Analyzing the patentee's claims of immunity from suit, the Court criticized the business motives that led to the acquisition of the weak patent:

"The inference to be drawn from this chronology is that, instead of directing its efforts to launching a generic, [patentee] obtained and relied upon an admittedly 'weak' patent for protection from other generic competition."

Noting that even a questionable patent "enjoys a presumption of validity," however, the Court held that the infringement litigation could not be characterized as a sham suit. The Court highlighted the fact that no tribunal had invalidated the patent:

"The validity of the '183 patent has not be adjudicated by any court (or the USPTO on reexamination). This court has no occasion to judge the merits of [defendant's] invalidity arguments, and declines to issue a finding that [the patentee] 'should have known' of its patent's invalidity absent such findings."

The lesson? Until an objective basis exists for invalidity - i.e., a court or agency ruling - the infringement plaintiff will enjoy Noerr-Pennington immunity.

Braintree Labs. Inc. v. Schwarz Pharma Inc., C.A. No. 03-477-SLR (D. Del. July 31, 2008) (Robinson, J.).

Posted On: August 1, 2008

Motion to Transfer Denied: Inconvenience Will Not Take Precedence over Delaware Corporation's Choice of Forum

It is well-established that plaintiff's choice of forum will be a strong consideration in deciding a motion to transfer. Judge Sleet in denying the defendants' motion to transfer in the case Acuity Brands, Inc. v. Cooper Industries, Inc., again stressed the importance of plaintiff's choice of forum -- particularly where both parties are Delaware corporations and inconvenience is the only argument for transfer. C.A. No. 07-444-GMS, Memorandum (D. Del. July 31, 2008).

Defendants argued that their only tie to Delaware was the fact that they were incorporated here and that the case law provides for transfer where that is the only link to the forum.
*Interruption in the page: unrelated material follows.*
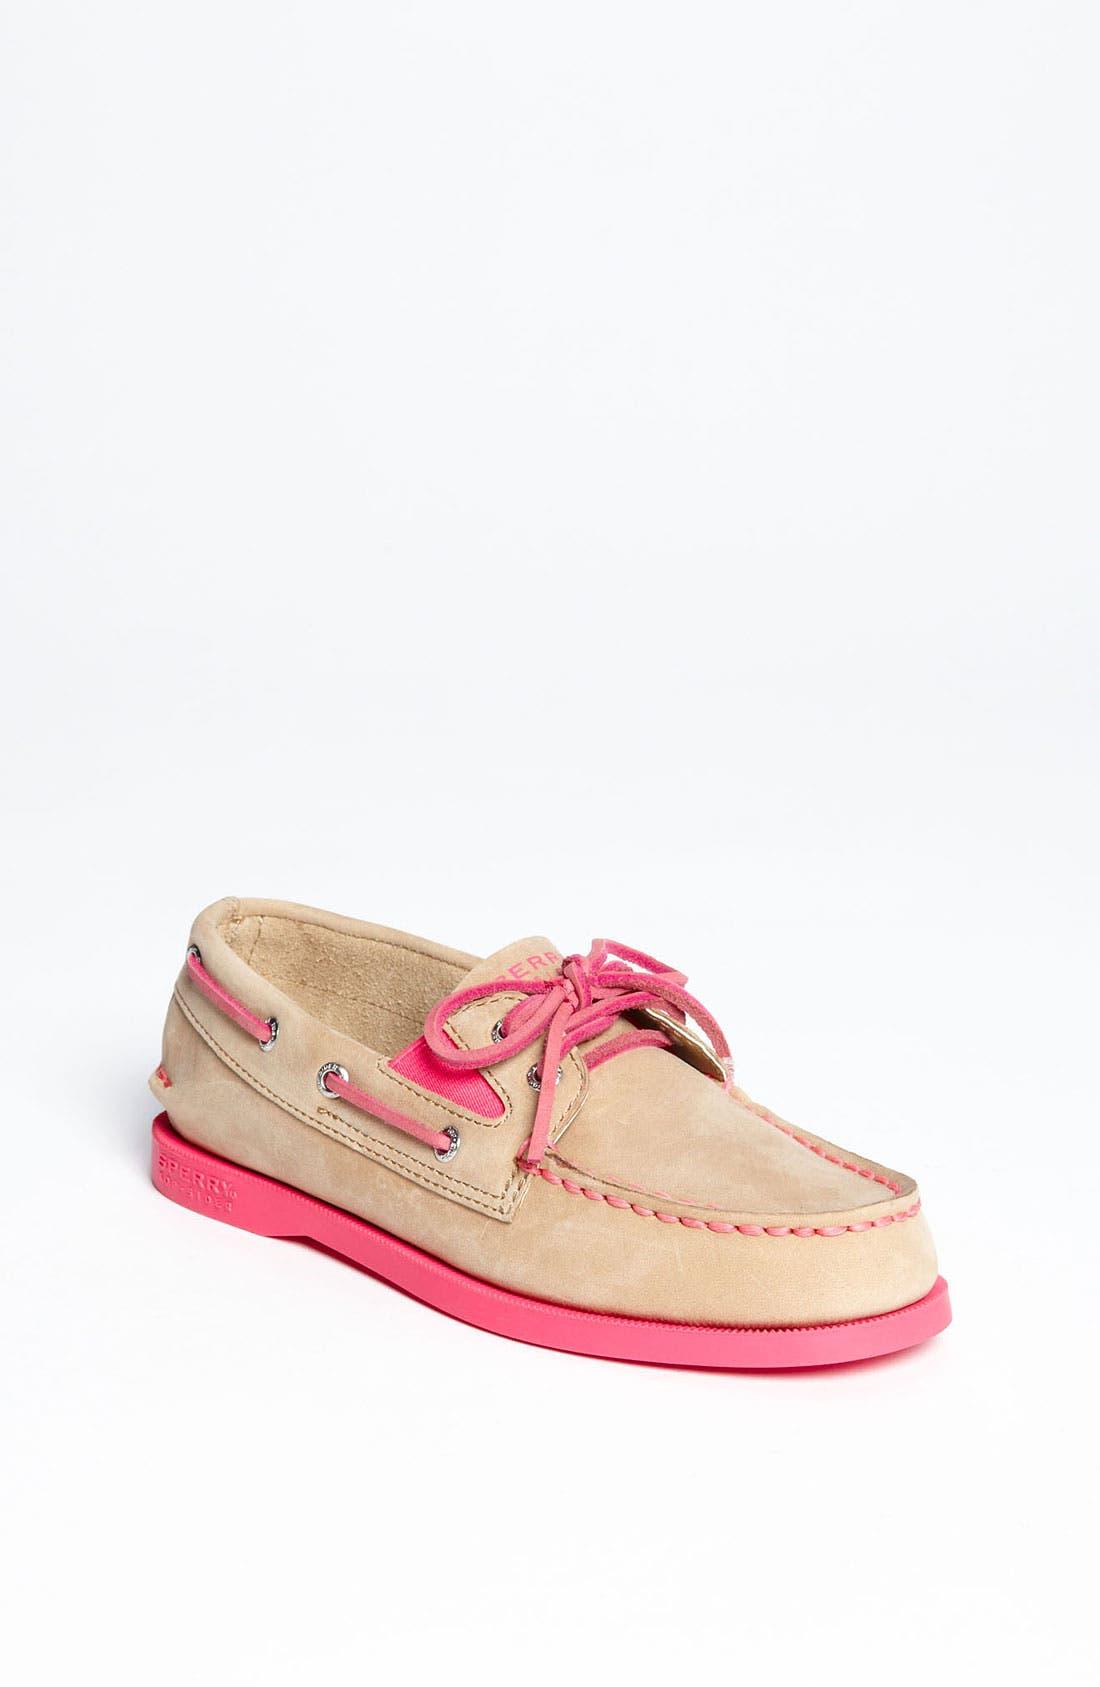 Alternate Image 1 Selected - Sperry Top-Sider® Kids 'Authentic Original' Boat Shoe (Walker, Toddler, Little Kid & Big Kid)

Id. at 3. The Court found the cases relied on by defendants distinguishable, however, since in those cases there was also simultaneous litigation proceeding in the transfer district, and there is no such parallel litigation here. Id. at 4.

In a continuing trend in D. Del. transfer opinions, the Jumara factors related to location of witnesses and documents are becoming less important to the analysis. The Court has held that party-witnesses such as employees "are presumed willing to testify at trial" and therefore are not part of the analysis. Id. at 5. And even in the case of third-party witnesses, "a flight to Delaware is not an onerous task warranting transfer." Id. Finally, in this age of electronic discovery, the location of documents becomes almost irrelevant. Id.

For a copy of the opinion see here.

Posted On: August 1, 2008

Judge Sleet Reports on the District of Delaware "State of the Court"

At the recent annual luncheon held by the Delaware chapter of the Federal Bar Association, Judge Sleet presented on the "state of the court." As part of his presentation, the Court provided attendees with a copy of the first "Annual Report of the United States District Court for the District of Delaware 2008." The report provides a number of interesting statistics on the continuing growth in case load and patent filings.

In 2007, 19% of civil case filings in the district were for patent cases. Delaware held 17 patent trials in 2007, 8 of which were bench trials. The total number of patent trials in Delaware during 2007 was nearly 20% of the total held nationwide. The District of Delaware continues to be first in the country for number of patent cases per judge. Finally, 157 patent cases were filed in this district last year, up from 139 in 2006.

Despite all of the discussions regarding a downturn in patent filings nationwide, patent litigation continues to grow and thrive in the District of Delaware!